Record excerpts:

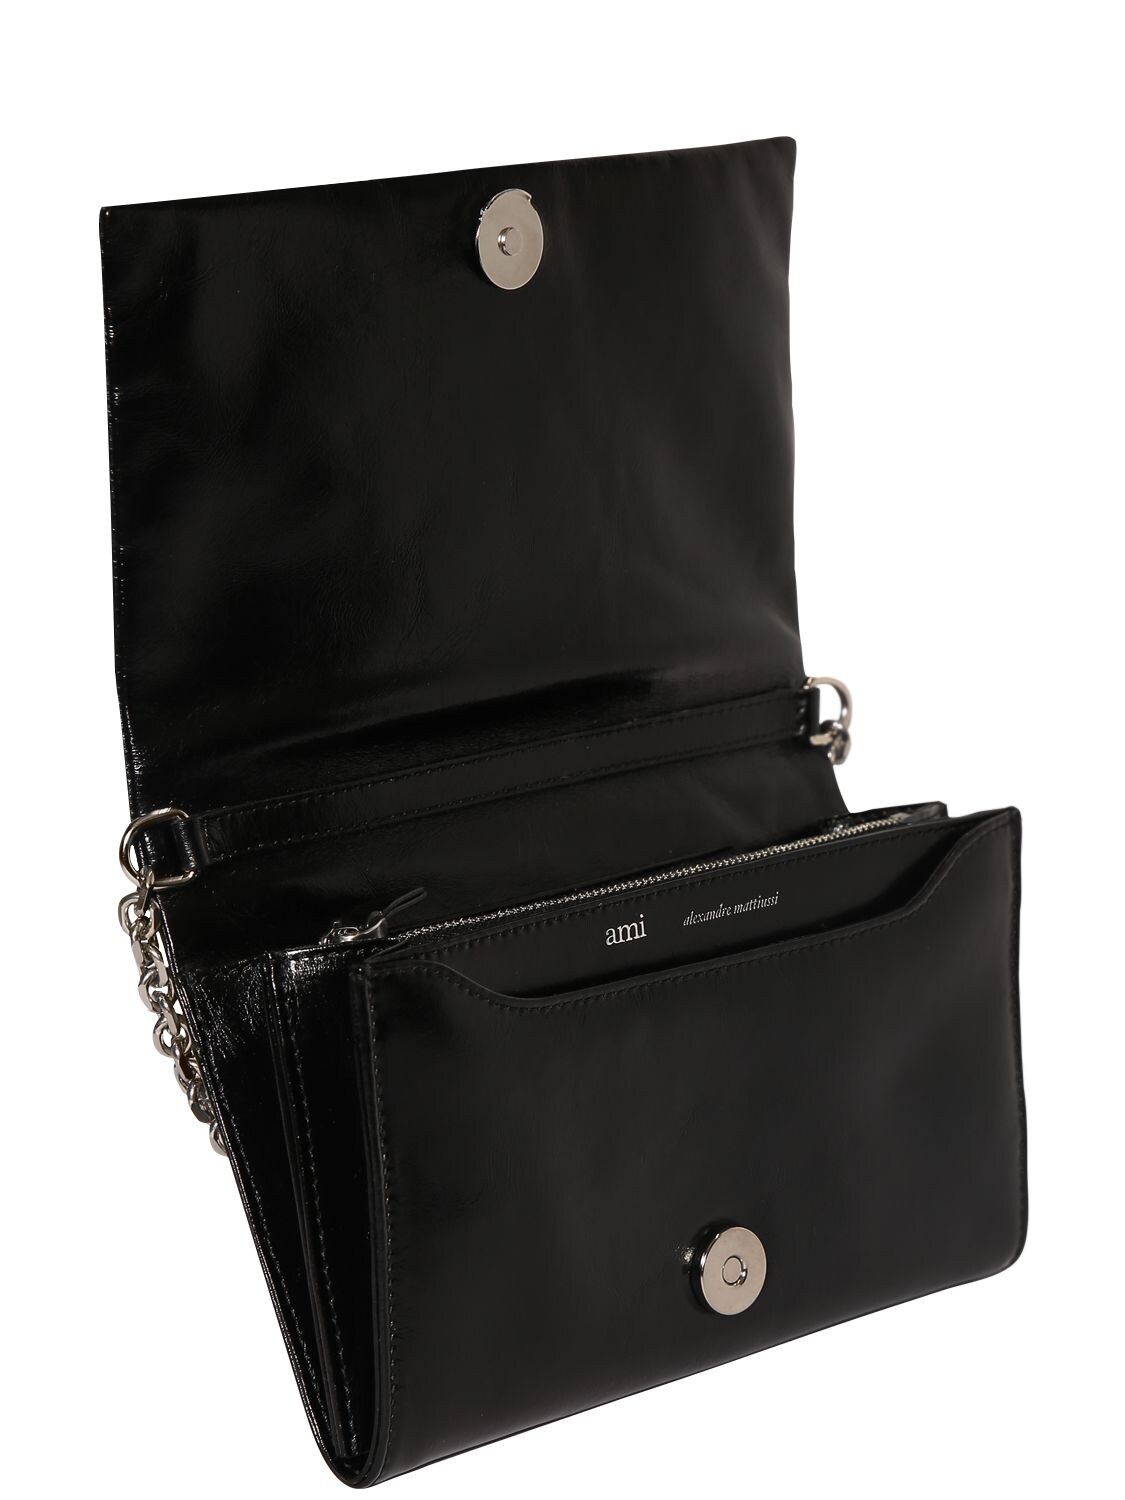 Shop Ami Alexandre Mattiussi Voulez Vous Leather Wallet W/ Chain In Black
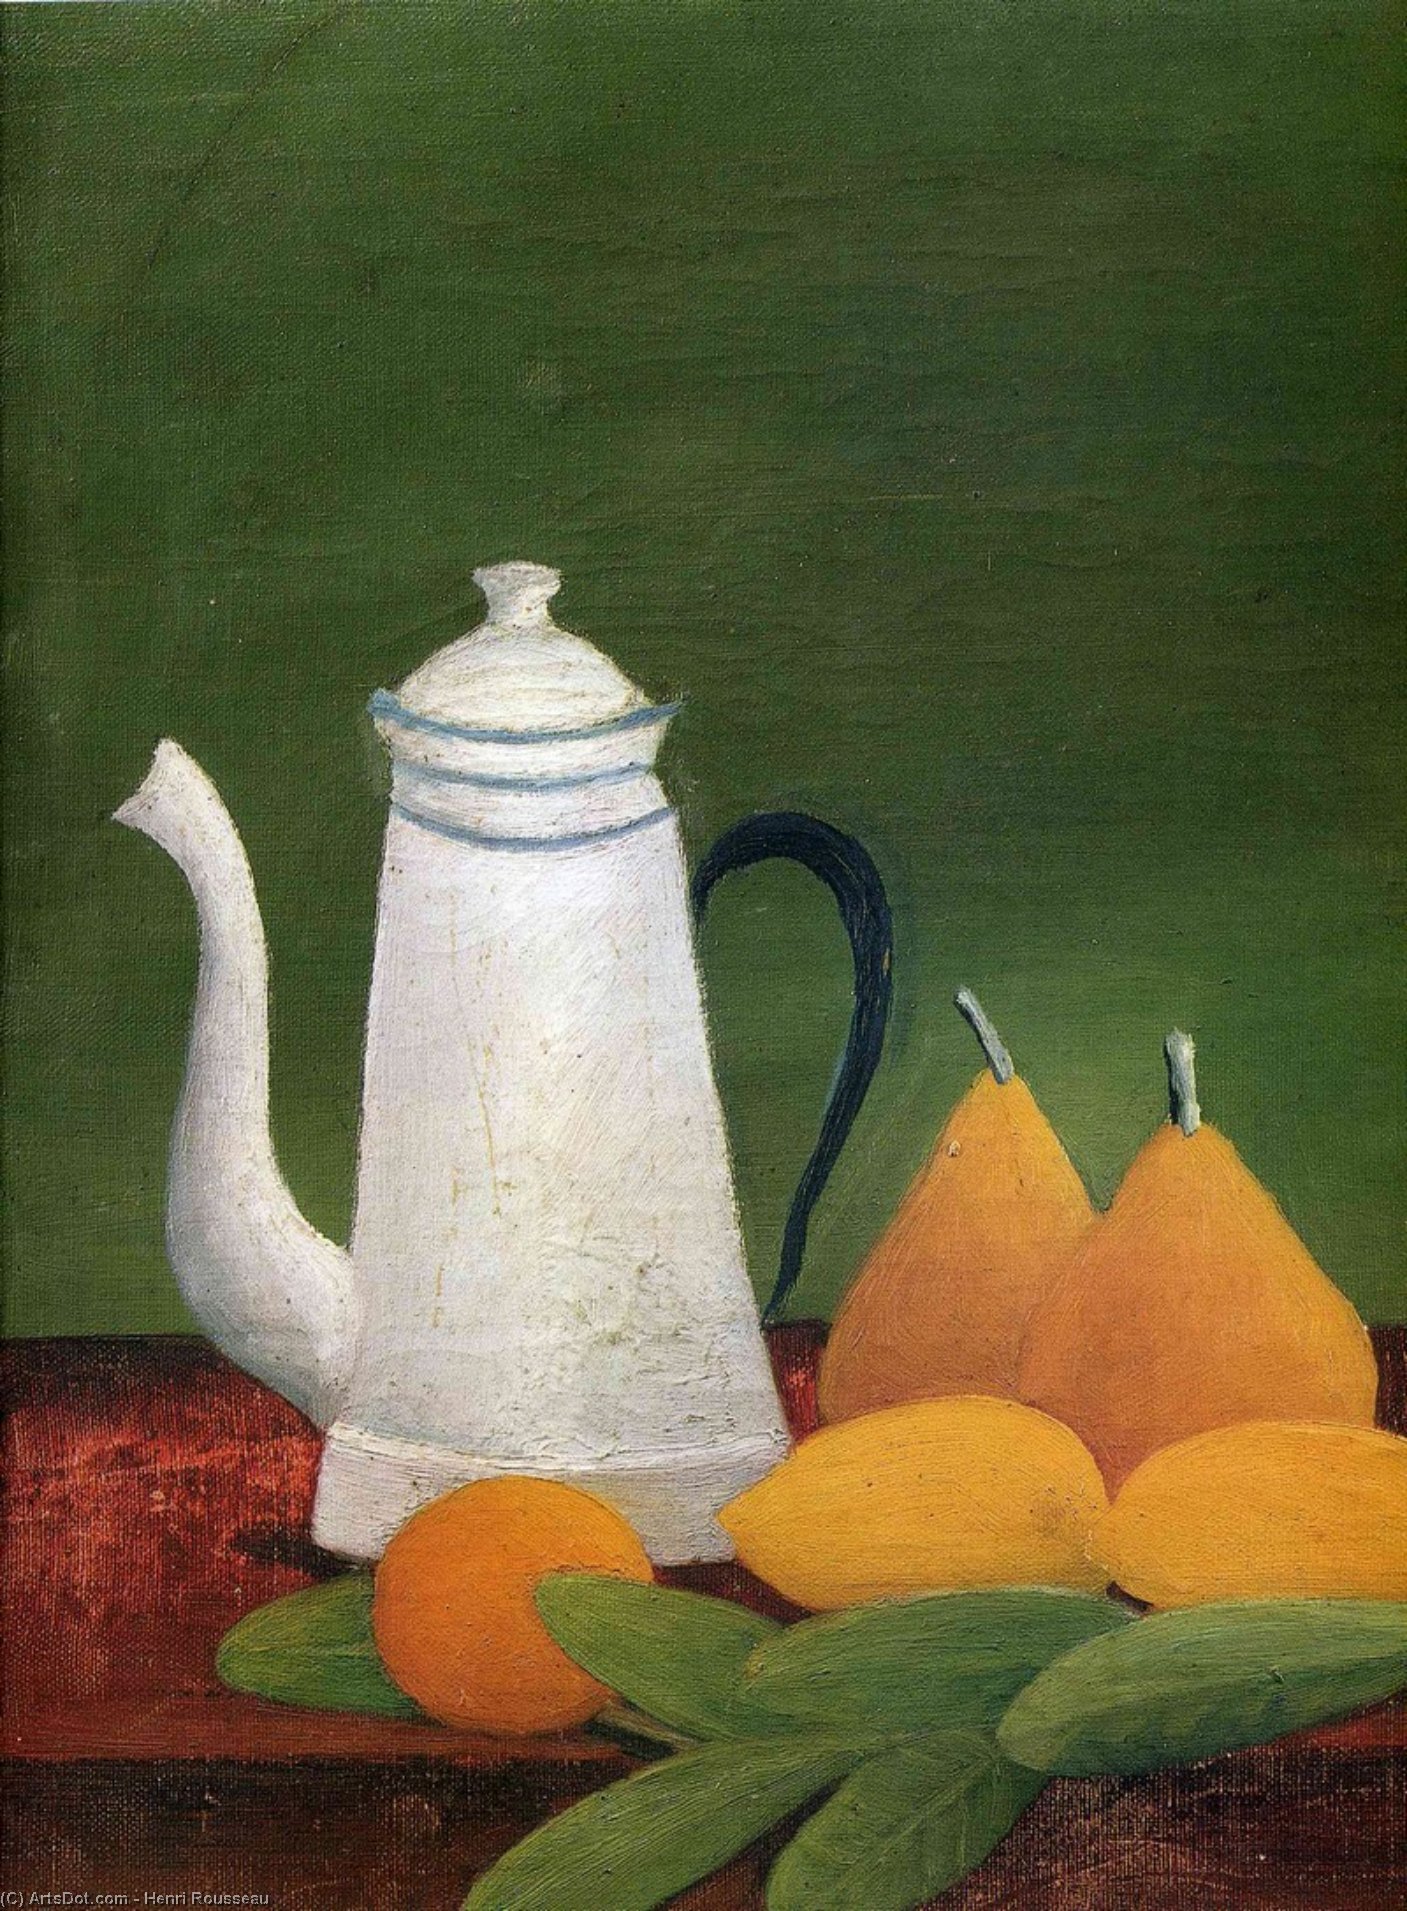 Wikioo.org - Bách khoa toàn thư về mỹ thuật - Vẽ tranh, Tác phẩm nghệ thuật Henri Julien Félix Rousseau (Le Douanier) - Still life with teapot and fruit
---
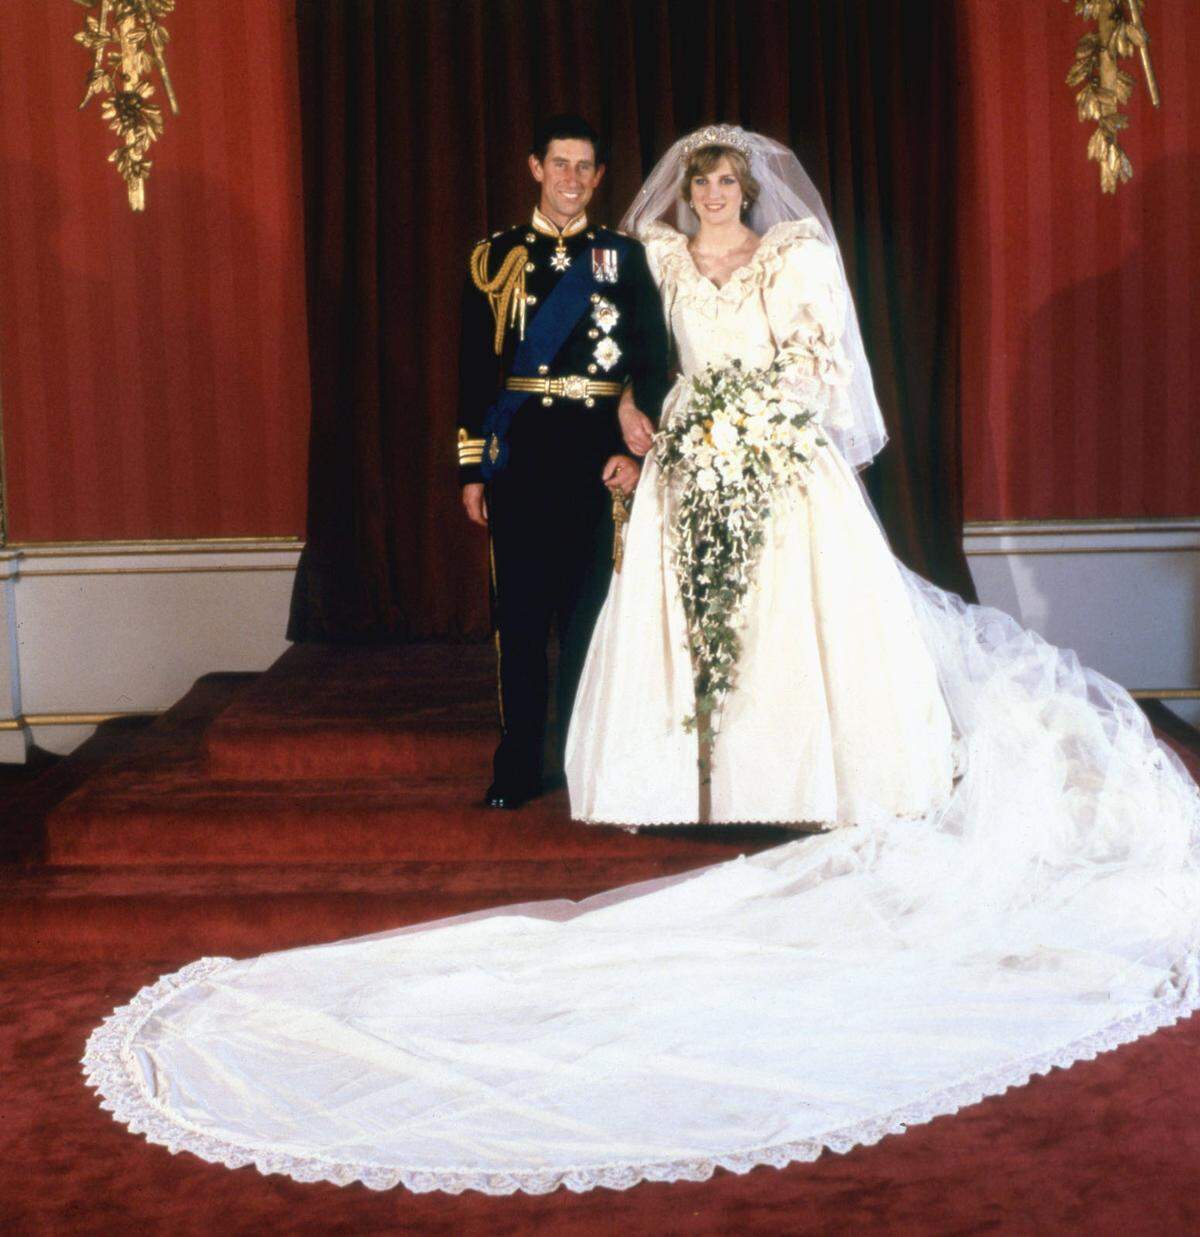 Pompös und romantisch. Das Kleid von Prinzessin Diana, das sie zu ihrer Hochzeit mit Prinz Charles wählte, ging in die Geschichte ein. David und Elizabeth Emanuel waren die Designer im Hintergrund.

Work required: Return the stretch of data that begins with the line showing "Shop Ami Alexandre" and goes on through the line showing "Wikioo.org - Bách", exactly, with pictures removed.

Solution to this task:
 Shop Ami Alexandre Mattiussi Voulez Vous Leather Wallet W/ Chain In Black
 Wikioo.org - Bách khoa toàn thư về mỹ thuật - Vẽ tranh, Tác phẩm nghệ thuật Henri Julien Félix Rousseau (Le Douanier) - Still life with teapot and fruit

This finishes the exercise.